Cierto escritor a quien admiro contaba hace poco que había dejado de depositar ordenadamente su basura doméstica en los contenedores porque había descubierto que una pandilla de vivales vendían, en el Rastro madrileño, lo que encontraban vendible entre los papeles que el escritor, cívicamente, arrojaba en el contenedor correspondiente. Desde entonces echa sus borradores, saludas, invitaciones y demás foliamenta desechable en la misma bolsa que los restos de la cazuela de fideos con bacalao y los despojos y desperdicios del pollo en pepitoria.

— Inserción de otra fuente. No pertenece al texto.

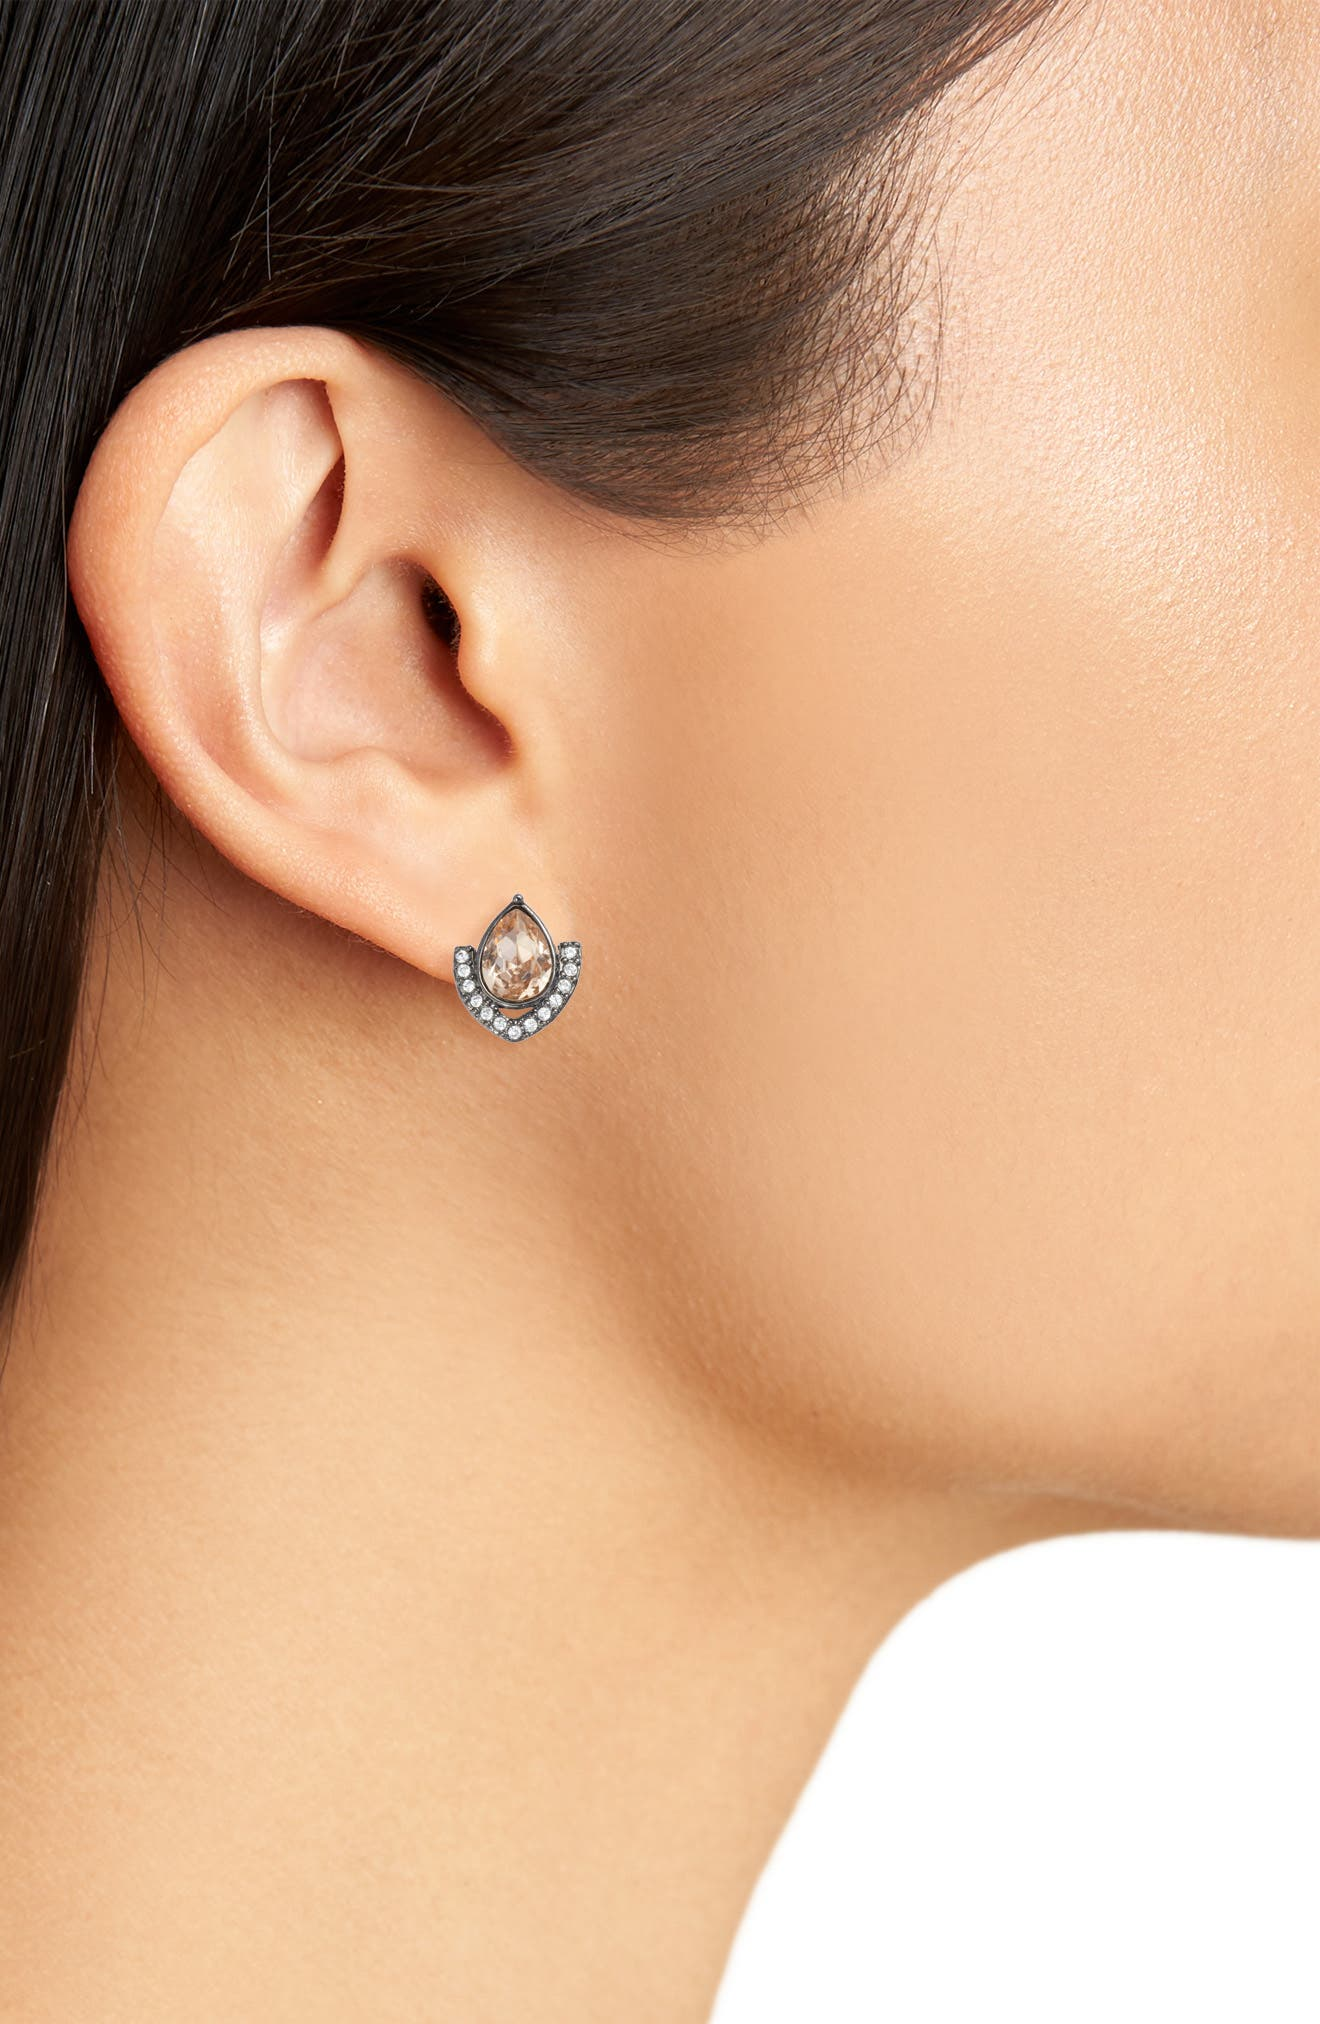 Crystal Stud Earrings,                             Alternate thumbnail 2, color,                             Blush/ Crystal
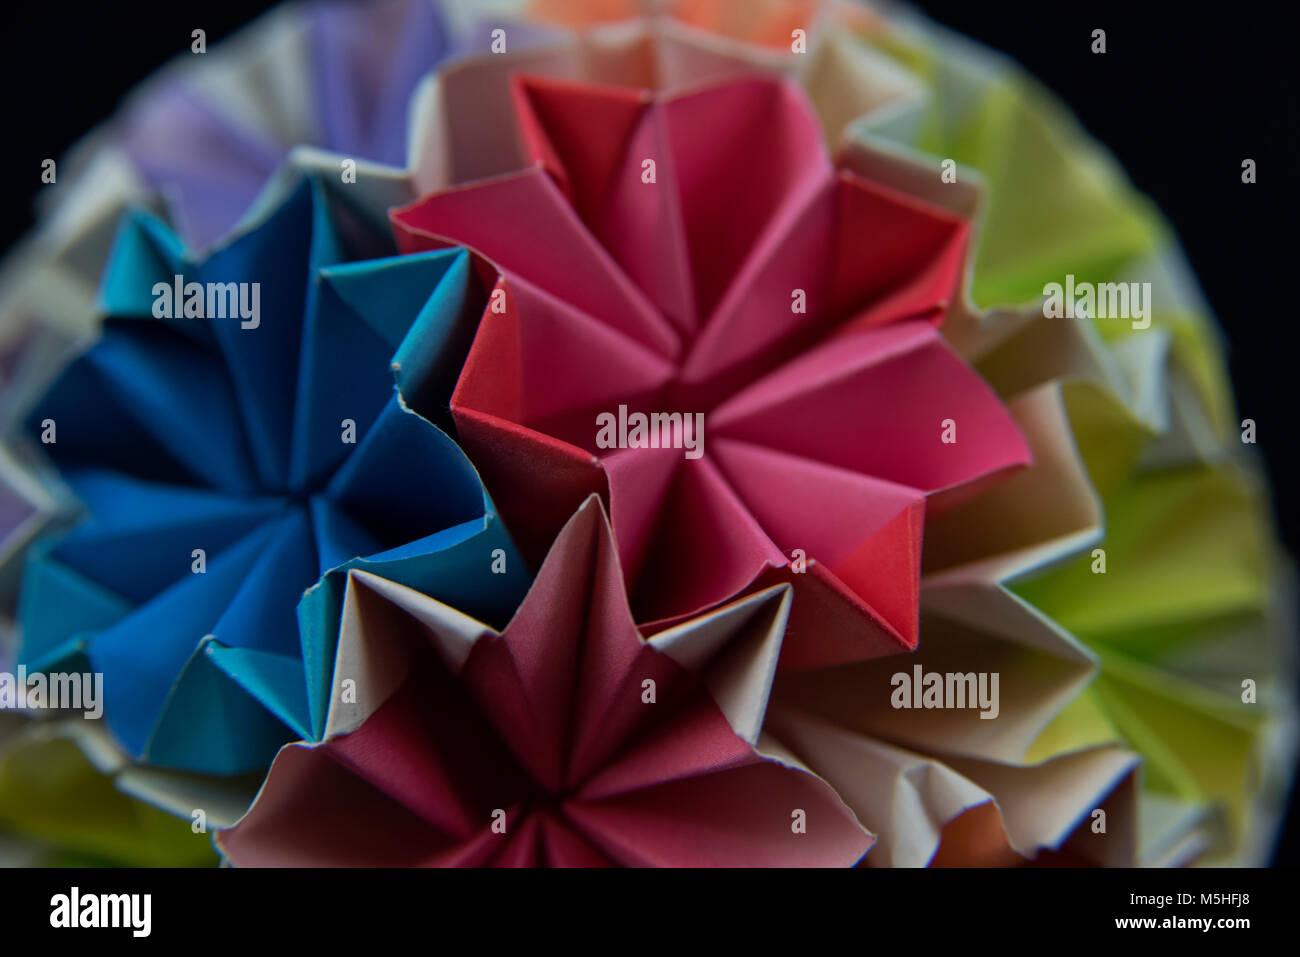 Origami Ball Close Up Stock Photo 175562416 Alamy

Tienes que ser importante, aunque sea como delincuente, para que alguien tenga interés en hurgan en tu basura. Con esa escena de alguien husmeando en la basura de otro, siempre asocio una escena de la película El último emperador: esa en la que el pediatra del emperador niño (el imperiatra, habría que decir) mira, y luego se acerca a las narices, la bacinilla en la que el áulico niño acaba de depositar su caquita, para dictaminar inmediatamente que hay que limitar al imperinfante la ración diaria de chucherías y aumentarle la de nabos hervidos.

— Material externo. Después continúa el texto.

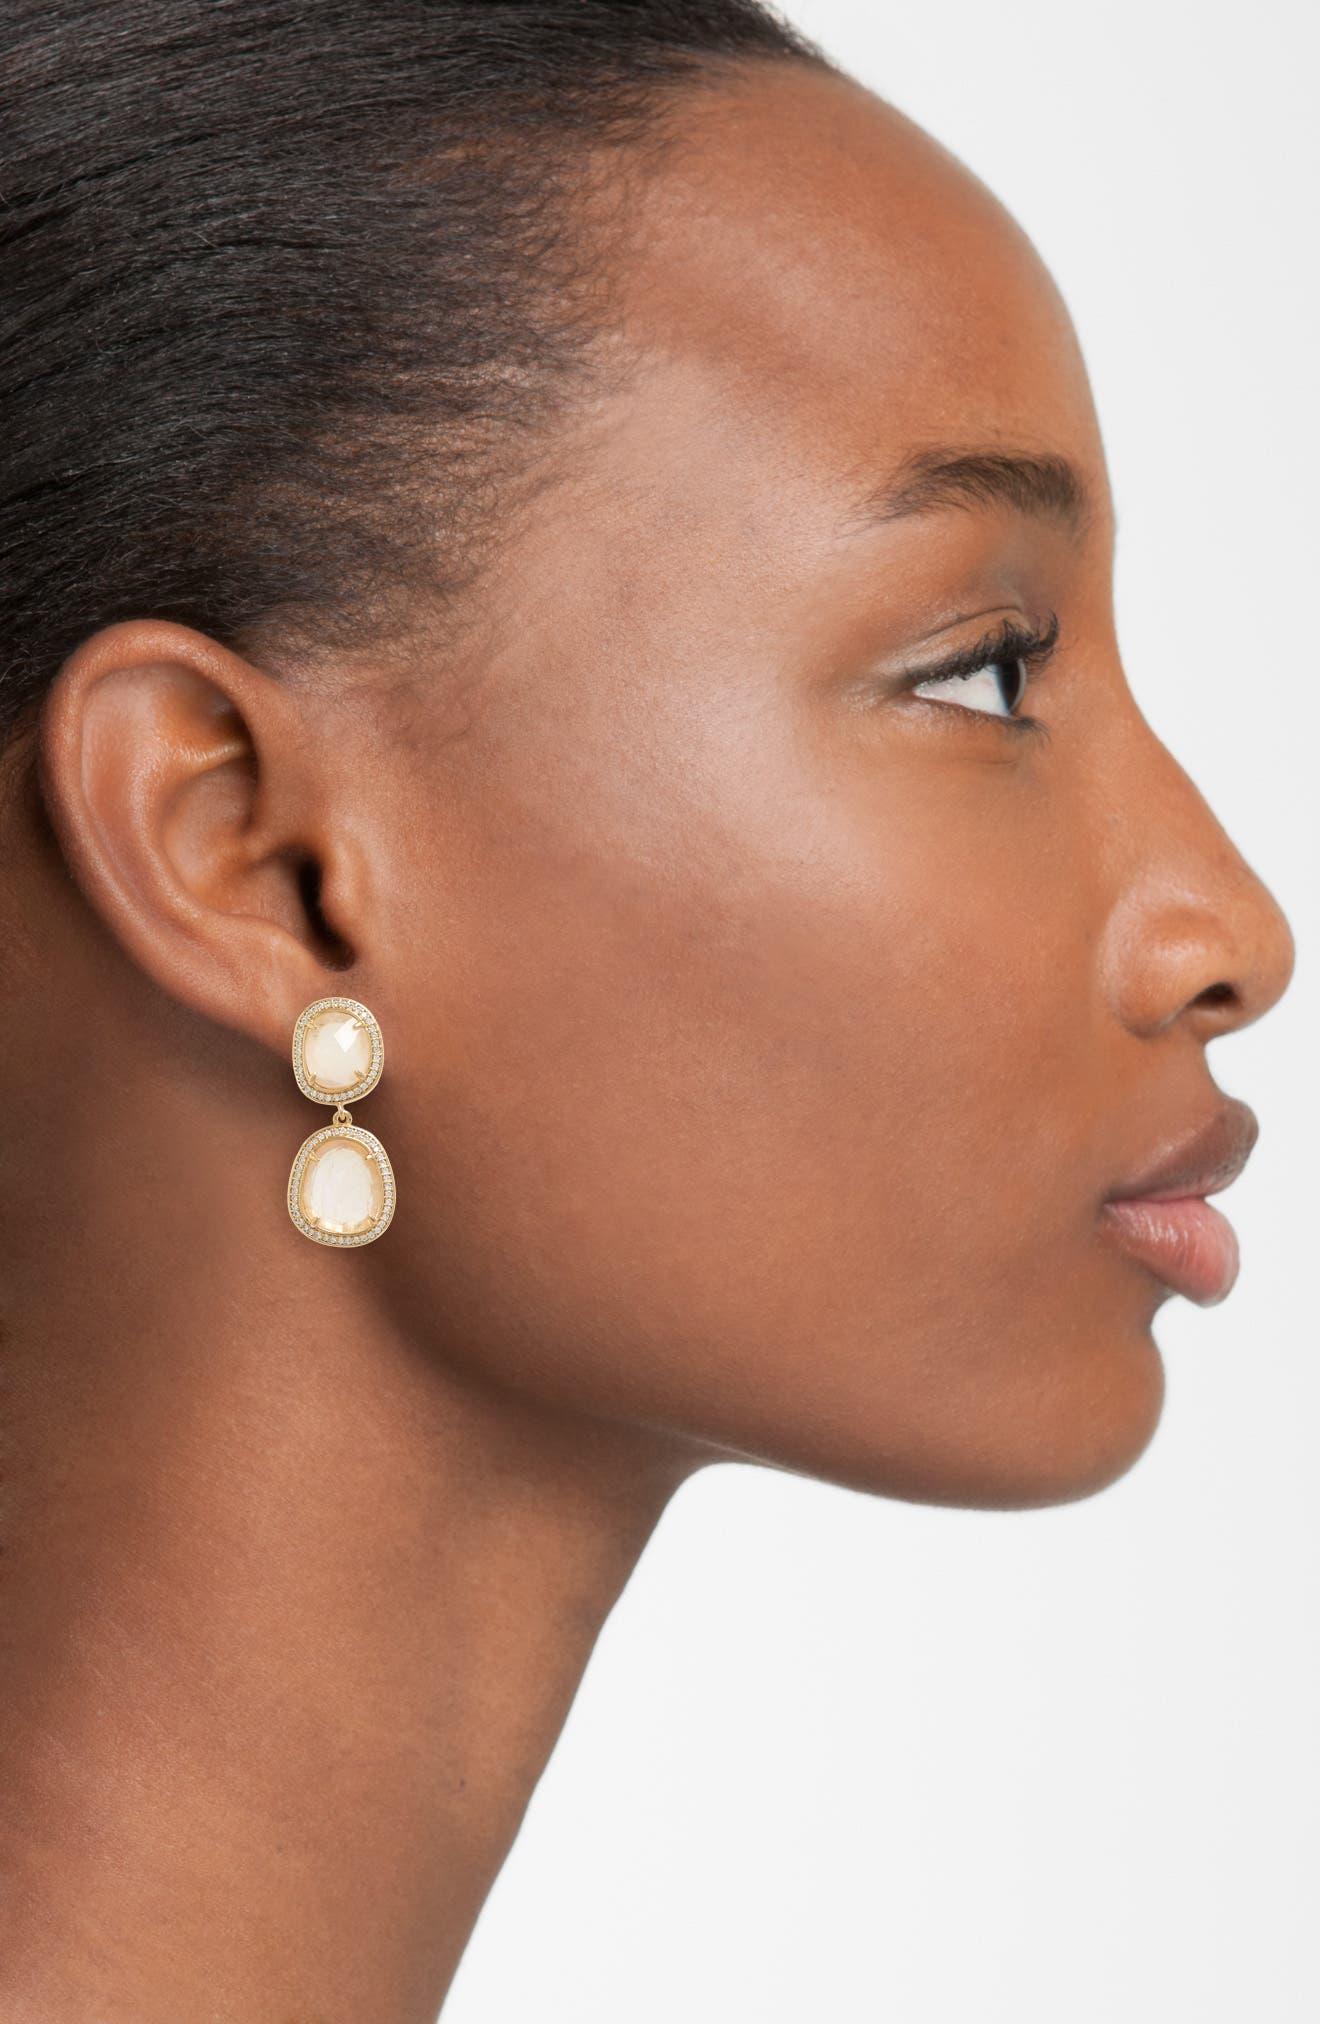 Double Drop Earrings,                             Alternate thumbnail 2, color,                             Moonstone/ Gold

Y bien, no pensar ustedes que, como en mi basura nadie se va a poner a olisquear, yo mismo les voy a hablar de ella. Manténganse cerrados con su legítima tapa esos cubos de mi casa, que yo de lo que quiero escribir hoy, como he anticipado en el título, es de ese cubo pequeño, ese cubículo, que está posado en mi mesa de trabajo (y de descanso) y es alojamiento de mis herramientas de escribir. Esto también constituye una especie de desnudamiento personal, pero muy pudibundo, como darse una vuelta en el dobladillo de los pantalones para lucir los calcetines o los desnudos tobillos. Vamos allá…

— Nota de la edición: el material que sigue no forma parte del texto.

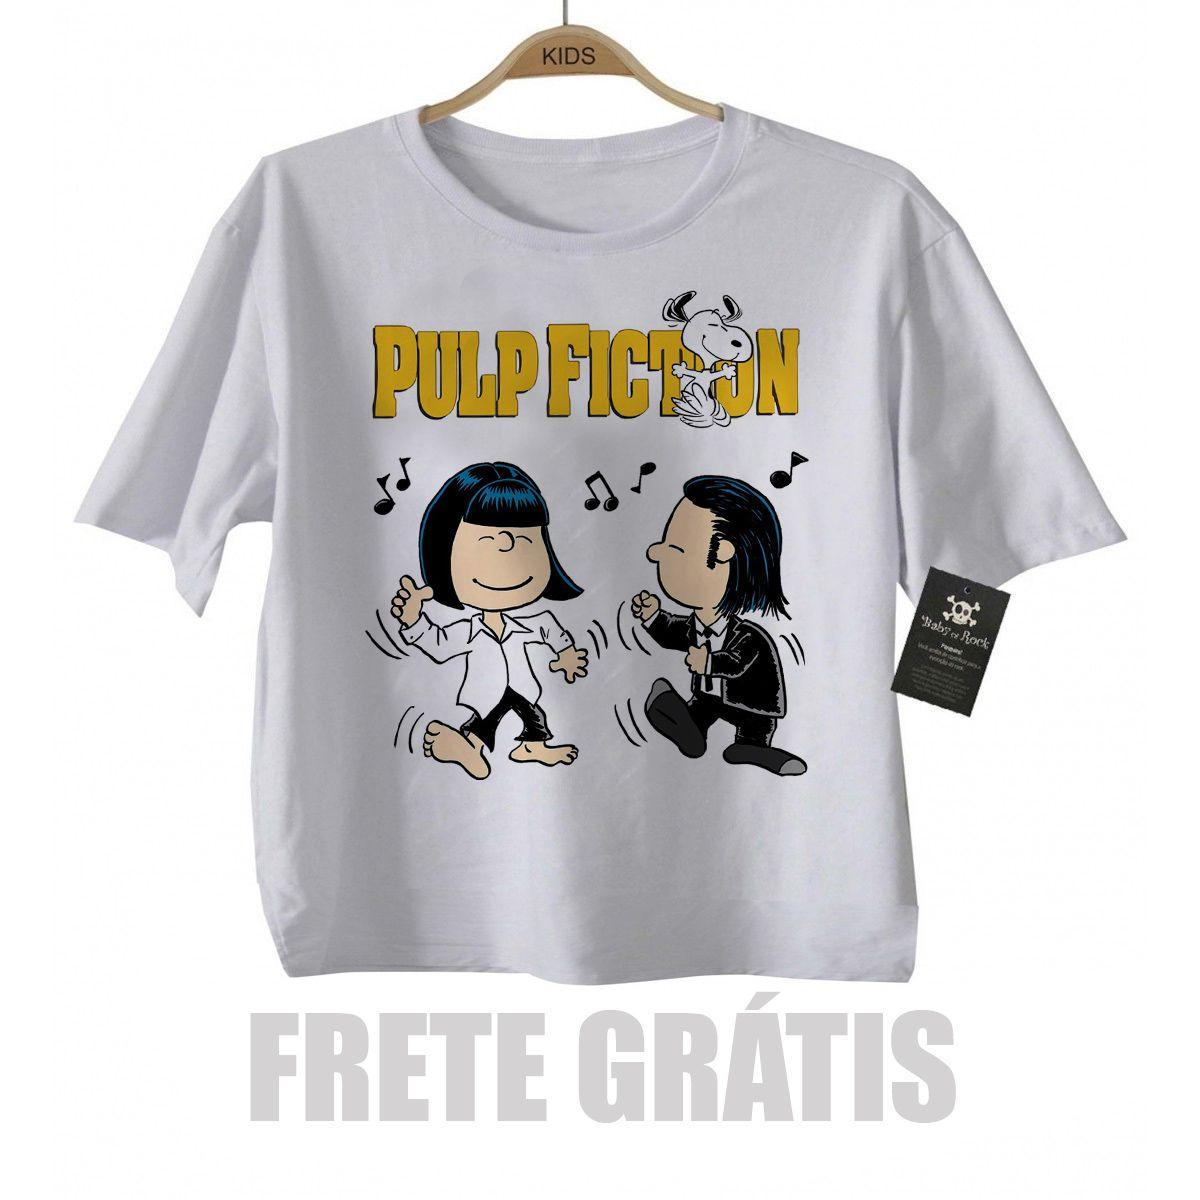 Camiseta infantil filmes Pulp Fiction - Snoopy  (Tarantino) - White  - Baby Monster S/A

Para empezar, he aquí un lápiz bicolor, rojo y azul, con el que hago subrayados y otras señales en lo que leo (excepto que lo esté leyendo en la pantalla del ordenador). Con el rojo señalo las frases que son como el título de una idea o tema que se va a desarrollar a continuación. Con el azul subrayo los pasajes que son destacables en sí mismos. Insisto: sin un lápiz bicolor estoy perdido. Aunque, la verdad, desde hace algunos días, cuando lo cojo me quedo un momento mirándolo con cierta inquina… Esto ha empezado a ocurrir cuando he leído en Los años del miedo, de Juan Eslava Galán, que Franco, en los meses (o años) posteriores al final de la guerra, mientras tomaba café en la sobremesa, expresaba su visto bueno a las condenas a muerte con uno de estos lápices. Yo saco el mío del lapicero y lo miro durante unos segundos de recelo y sobresalto, y luego concluyo que aquel hermano de mi lápiz no tenía culpa de nada; y mucho menos mi lápiz, por lo que no hay motivo para tirarlo a esa basura en la que nadie me investigará.
Comparte habitación con este lápiz un…
Lo siento… Dispensen ustedes… Se ha agotado el número de líneas que es admisible dedicar a tan trivial recipiente.